*** Opening Stored data ***

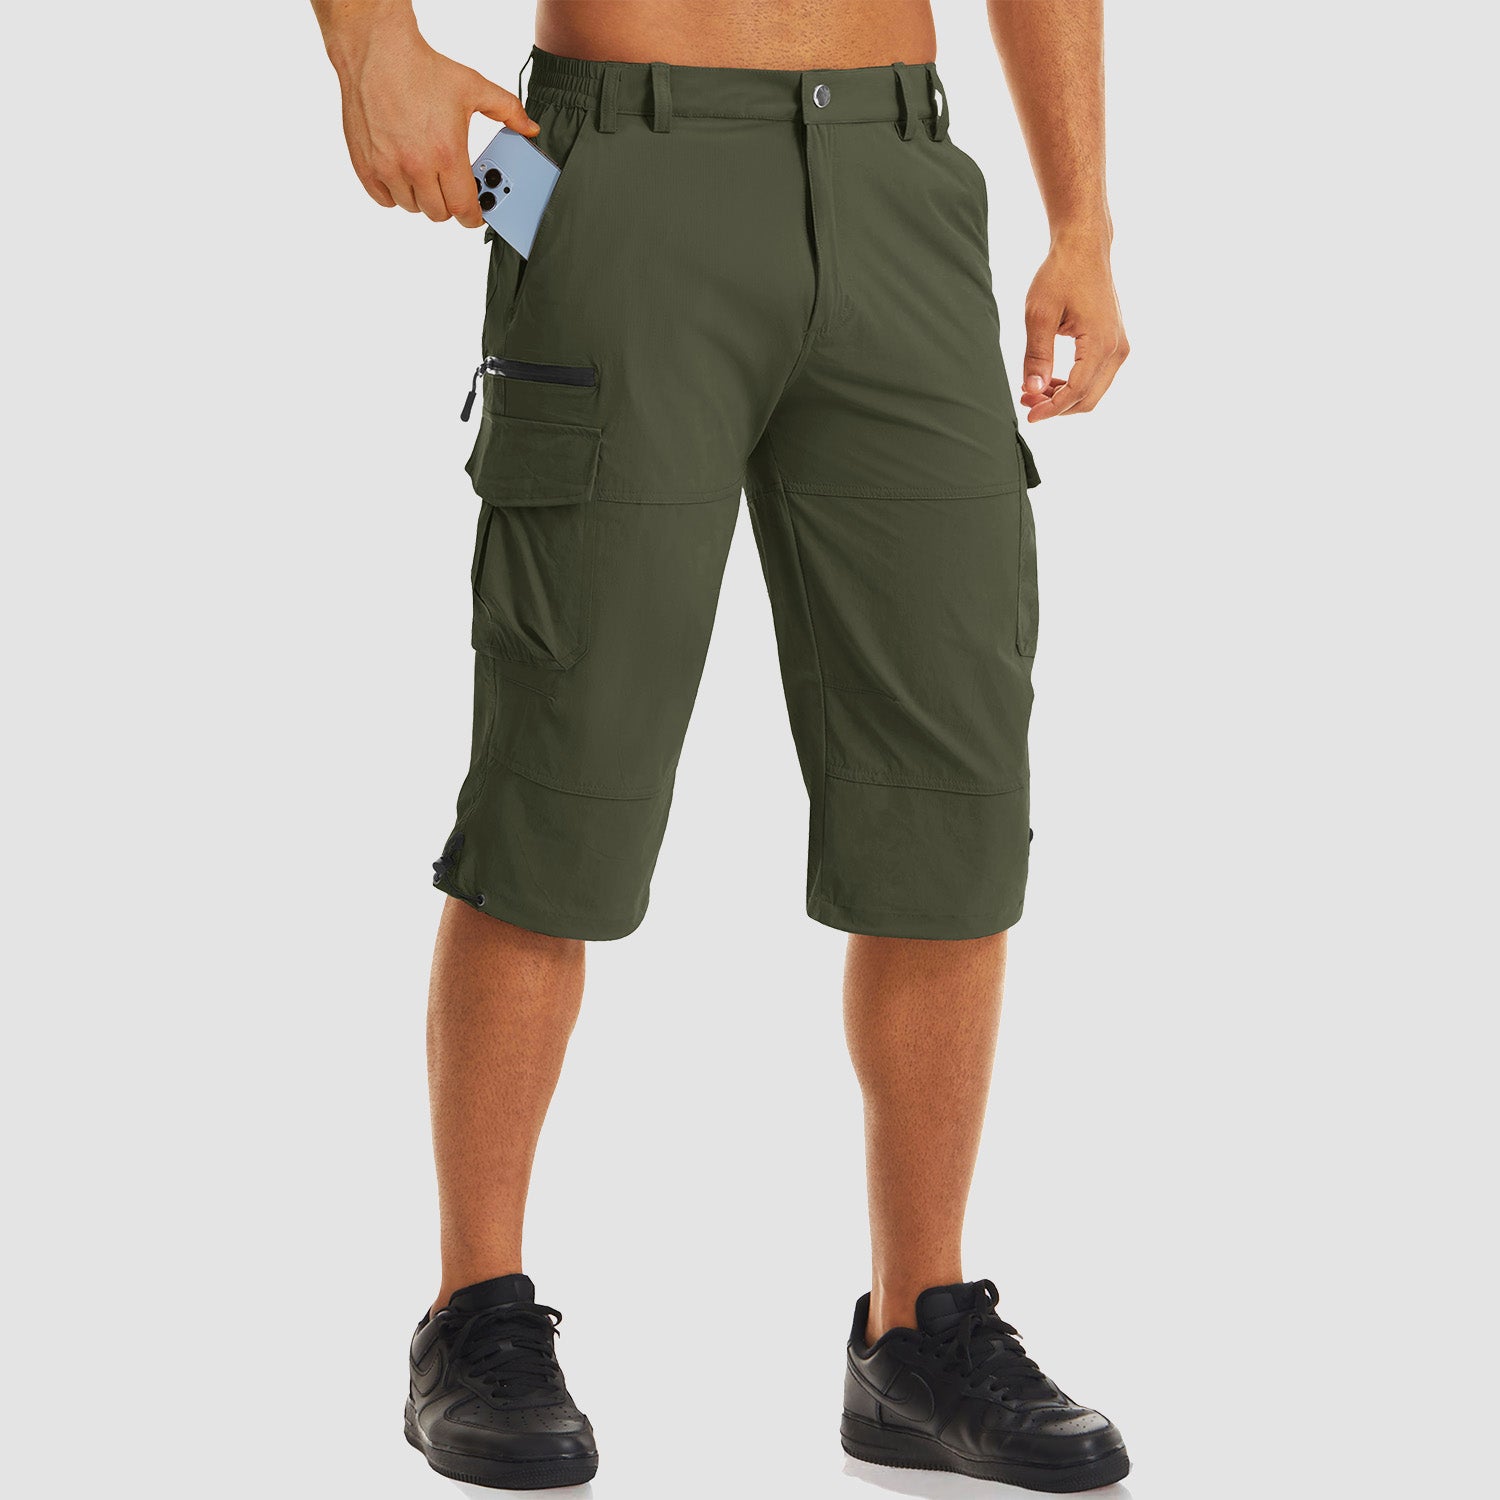 Men 3/4 Leggings Fitness Compression Sports Tights Base Layer Yoga Pants -  Walmart.com
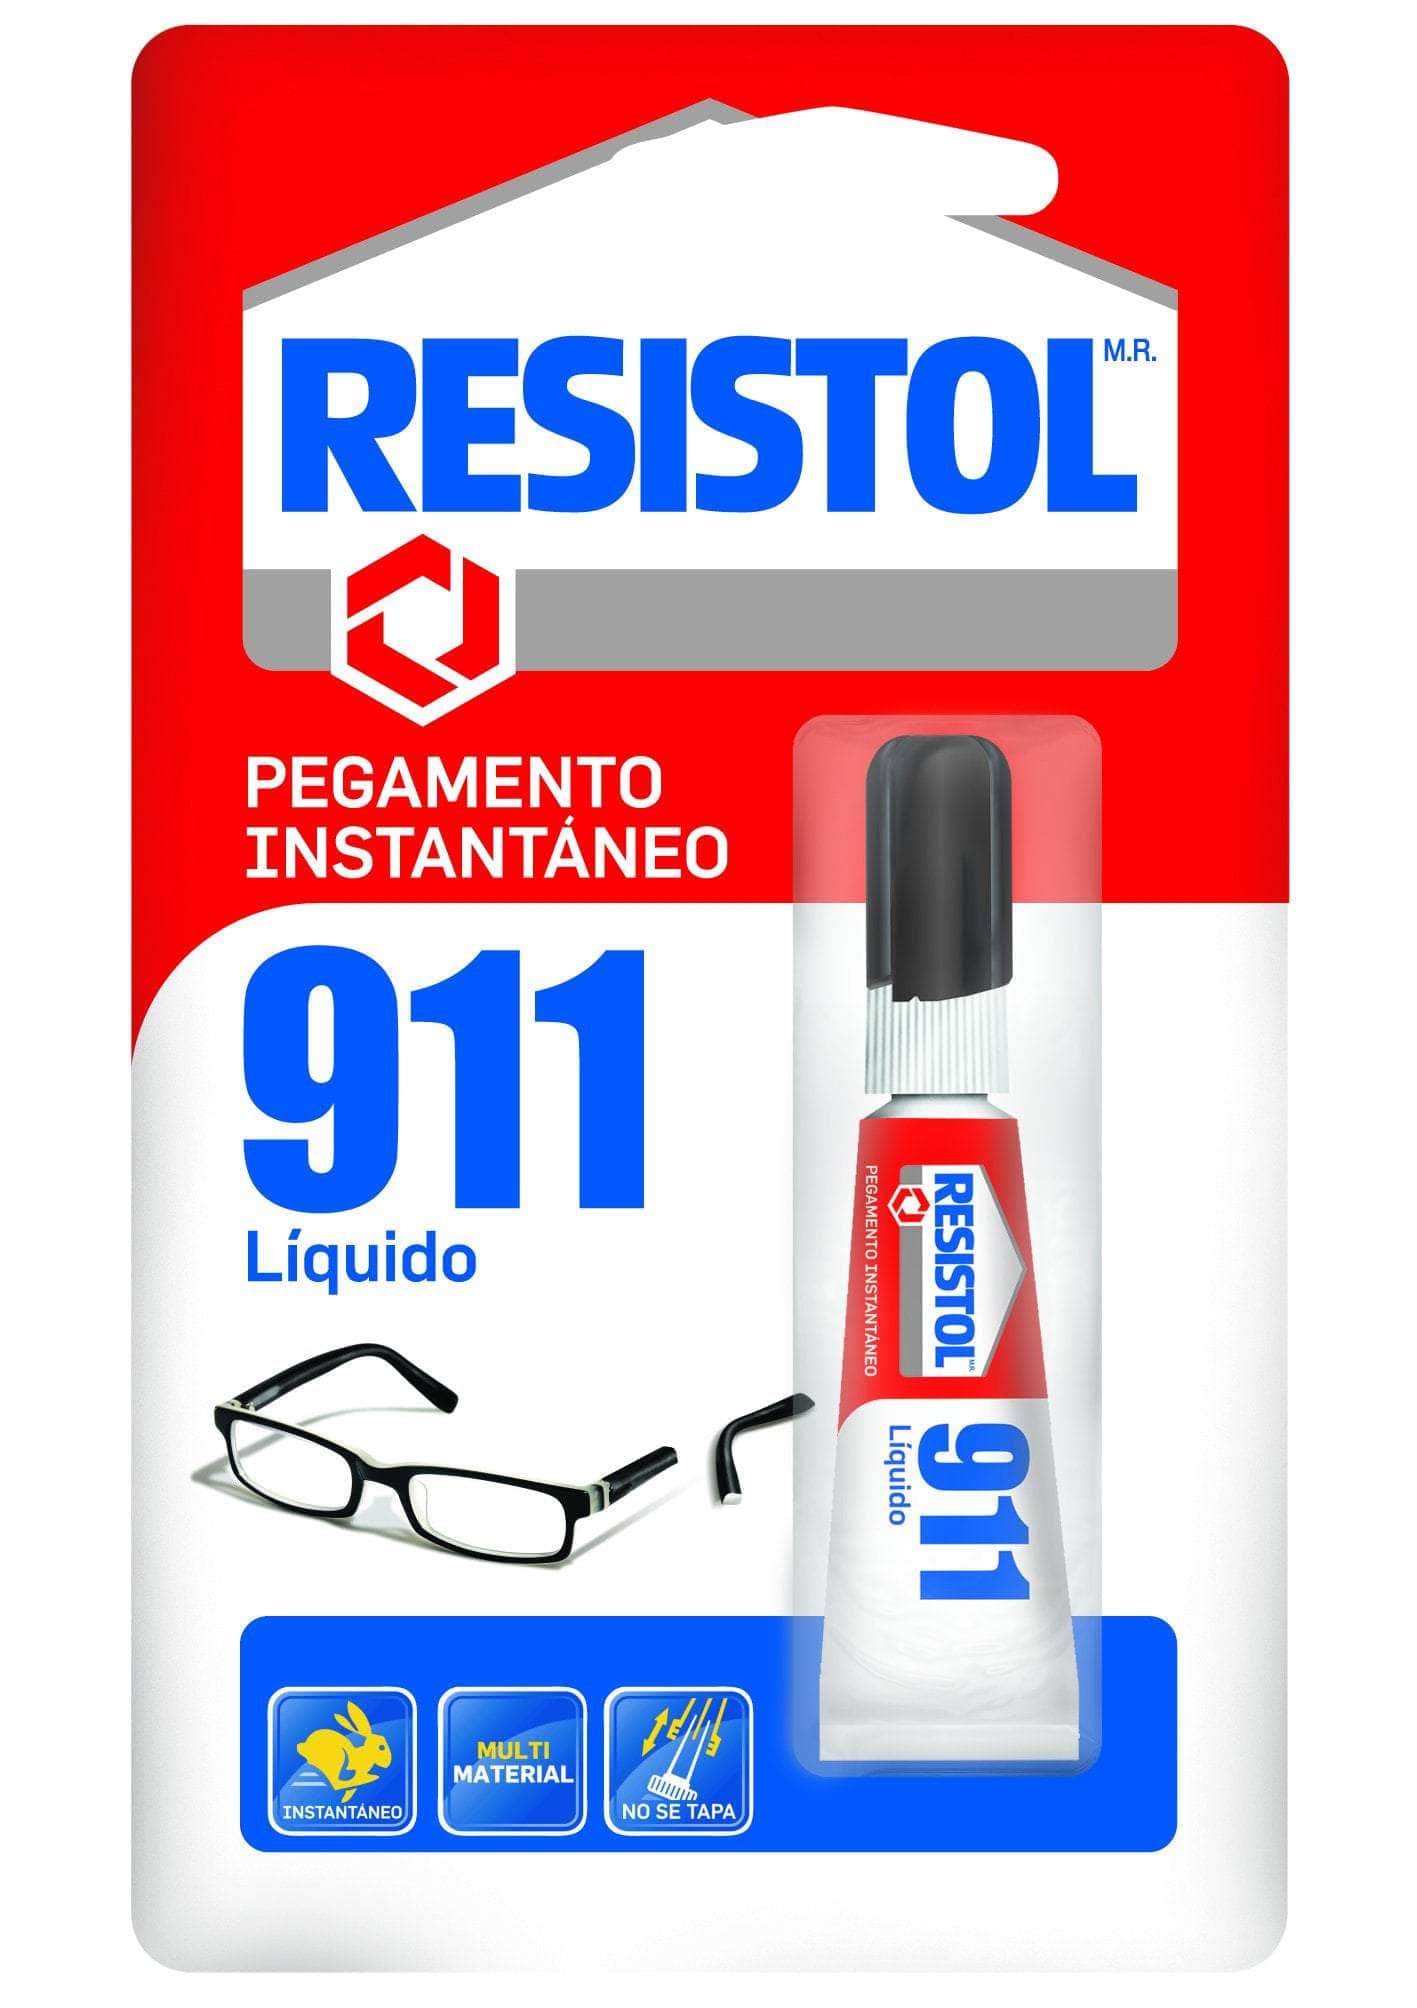 H0130 Resistol 911 Liquido, tubo de 2grs RESISTOL
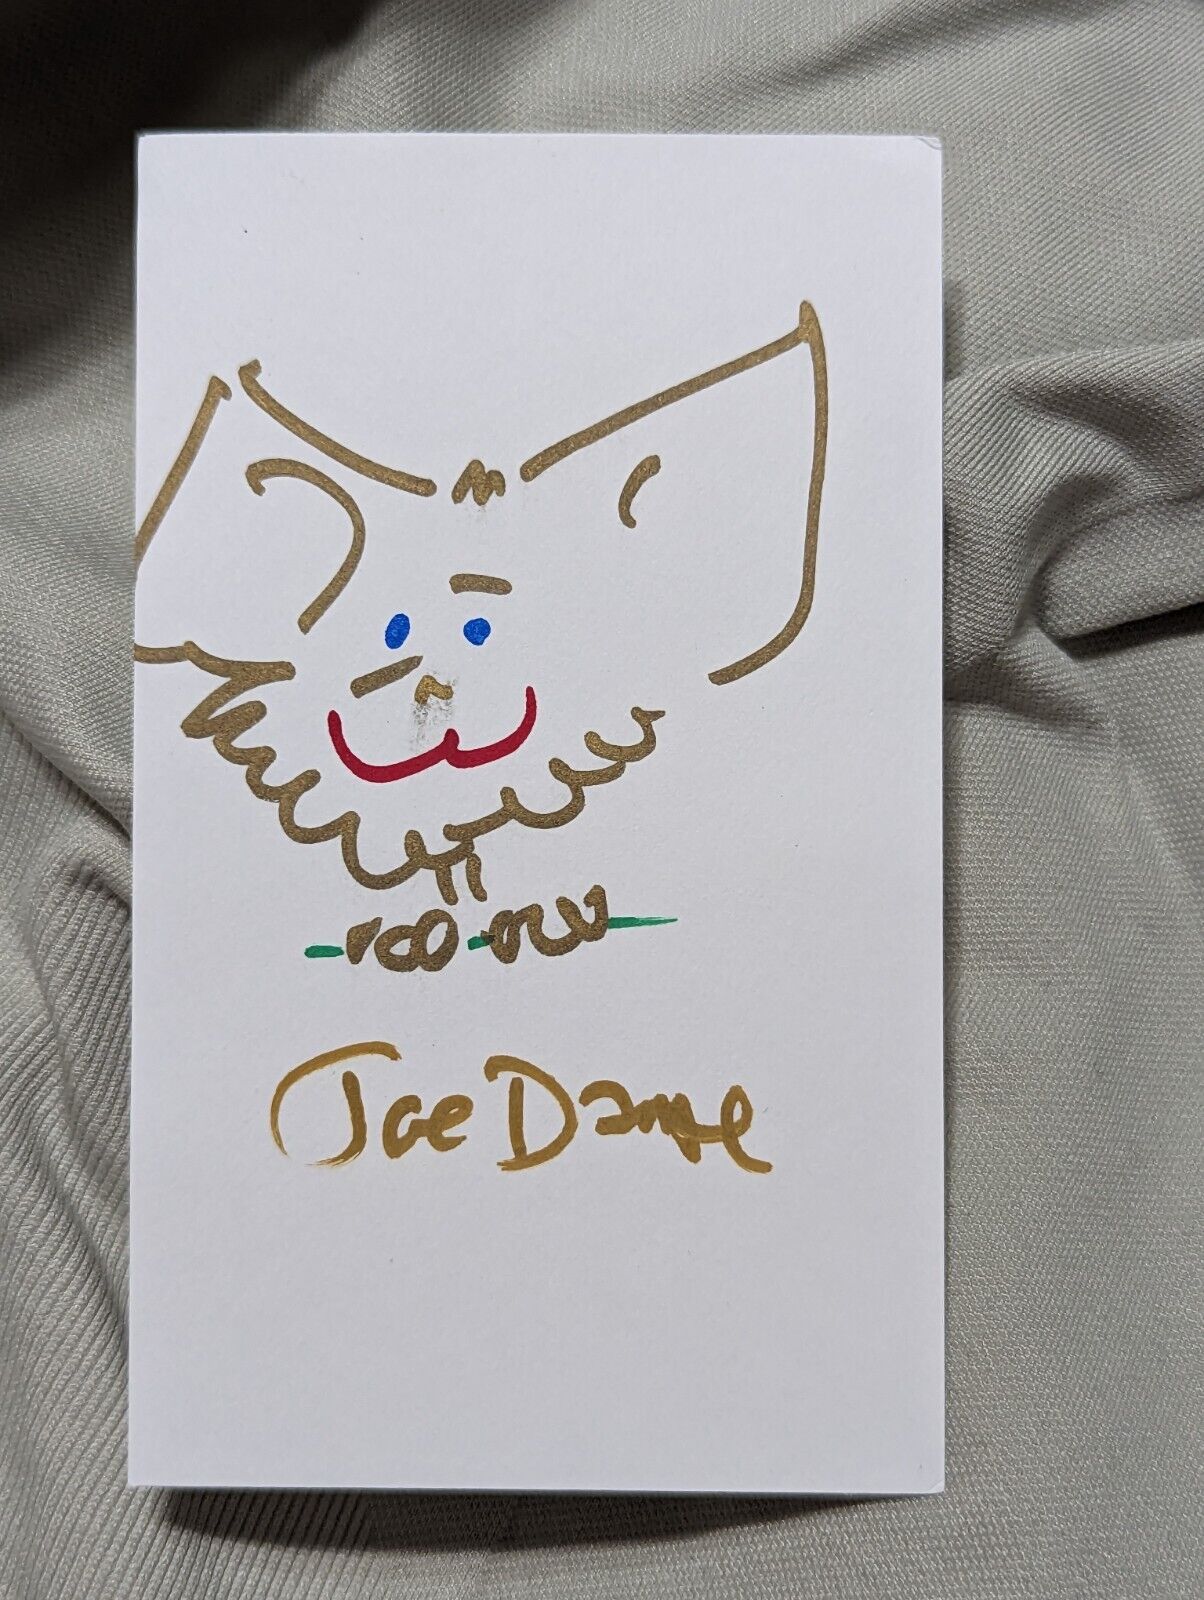 Joe Dante Gemlins Autograph Hand Drawn Sketch  See Description

*** Closing Stored data ***

- [Task details]
Where a picture appears, omit it, and otherwise retype the material exactly.

- [Task result]
 Men 3/4 Leggings Fitness Compression Sports Tights Base Layer Yoga Pants -  Walmart.com
 H0130 Resistol 911 Liquido, tubo de 2grs RESISTOL
 Joe Dante Gemlins Autograph Hand Drawn Sketch  See Description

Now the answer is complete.